The CBS Settlement With Trump Means Almost Nothing
Republicans are doing a victory dance in the aftermath of CBS's settling Trump's lawsuit over CBS's editing of their Kamala Harris interview.
I ran a public hospitality business with over 10 million visitors a year, so it is almost inevitable that we would get sued from time to time. At this point I can't remember the exact numbers but we probably had 10 serious suits in 20 years, all of which were over some injury sustained in a public campground or marina we operated. You know how many of these I honestly believe we had any liability whatsoever? 0%. You know how many of these we (or rather the insurance company) settled? 100%. There are many reasons a company might settle a case in which they feel they have no guilt, but two are: 1) Lawyers and litigation are expensive -- it costs $500-$2000 just to get an attorney to pick up the phone for the first time; and 2) unlike criminal juries, who I think are pretty fair, civil juries cannot be counted on to give a fair verdict. In particular, faced with a sympathetic injured plaintiff and a faceless company covered by an insurance policy, certain juries will give an award to the plaintiff almost no matter what the cause and effect. If you think of it as a "bad outcomes award" rather than a "liability award," you can get closer to the thinking of some juries. Not all juries mind you, but enough to scare companies from going to trial.
I will give you an example from years and years ago in LA County. A little girl drowned swimming in a lake we operated and her family sued us for failure to warn of the danger. The frustrating part was that there was no way to photograph the location of her tragic death without getting the "no swimming" sign in the frame. Faced with this evidence, the complaint was soon amended to say the girl drowned wading in the lake, not swimming, and that the sign said nothing about wading. This seems crazy, but our lawyers were adamant that we did not want to try this case in LA County with the sympathetic grieving parents of a little Hispanic girl. So the insurance company settled for something like $2 million.
I would urge you to consider the CBS settlement in this context. Because they have these same problems, plus one more. The cost of litigation would be high, easily in the millions for this kind of case even if they win (there is no loser pays in the US). And just as Trump often drew juries from hostile pools for some of his civil cases, one could easily imagine the MAGA mirror image in a CBS trial.
But as I said, CBS had one more problem -- Trump is their regulator via multiple agencies. Not only does he have substantial influence at the FCC, which heavily regulates broadcast TV, but also at the SEC, FTC, and Justice Department who could easily wreck the current buyout and restructuring being undertaken by CBS's parent company. There are billions of dollars at stake in those deals, and I am positive in this context the lawyers told CBS management to give Trump his $16 million gratuity and move on.
There is a lot that is wrong here on both sides. CBS was absolutely abdicating its responsibility to help the country understand its candidates for President, and the hiding of Harris's unreadiness for office is of a piece with the same work CBS did in hiding Biden's deteriorating condition. But their video editing wasn't strictly illegal and really is not much different from what 60 minutes has been doing legally for decades, though usually the editing is the other way around to create a gotcha for some corporate executive.
But given his position as regulator in chief of CBS, this private lawsuit is just wrong, wrong, wrong. If something was illegal, fine, send in the FCC or FTC (or FEC). But trying to extract a personal financial settlement over a charge of dubious legal merit from a company he is regulating is barely different from a protection racket or even solicitation of bribery.

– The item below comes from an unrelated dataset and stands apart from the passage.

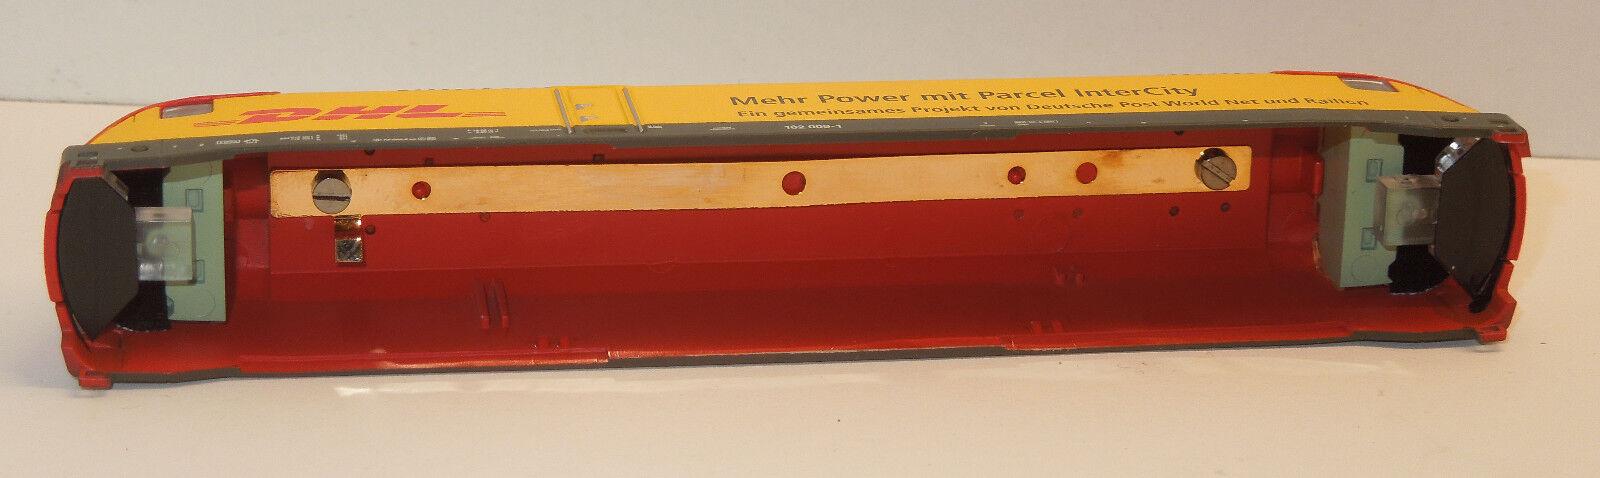 Minitrix Spur N für 12559 E-Lok E-Lok E-Lok BR 182 - komplettes Gehäuse DHL  | Tragen-wider  3b328c

update: this has some interesting backstory. Don't tell me it does not look like bribery. Apparently even the participants were worried about it looking like bribery:
The bribery issues arose because Redstone is in desperate need of cash since inheriting the Paramount media empire from her late father, the media mogul Sumner Redstone and the settlement of the lawsuit is inextricably tied to the deal getting completed since Trump’s regulators must approve the merger.
Since Redstone would receive around $2 billion once the deal is done, any sizable payment could be seen as a bribe to get the Federal Communications Commission’s green light.
The (slightly more) ethical approach was to drop the suit the moment he took and hand it off as an investigation to his regulatory agencies.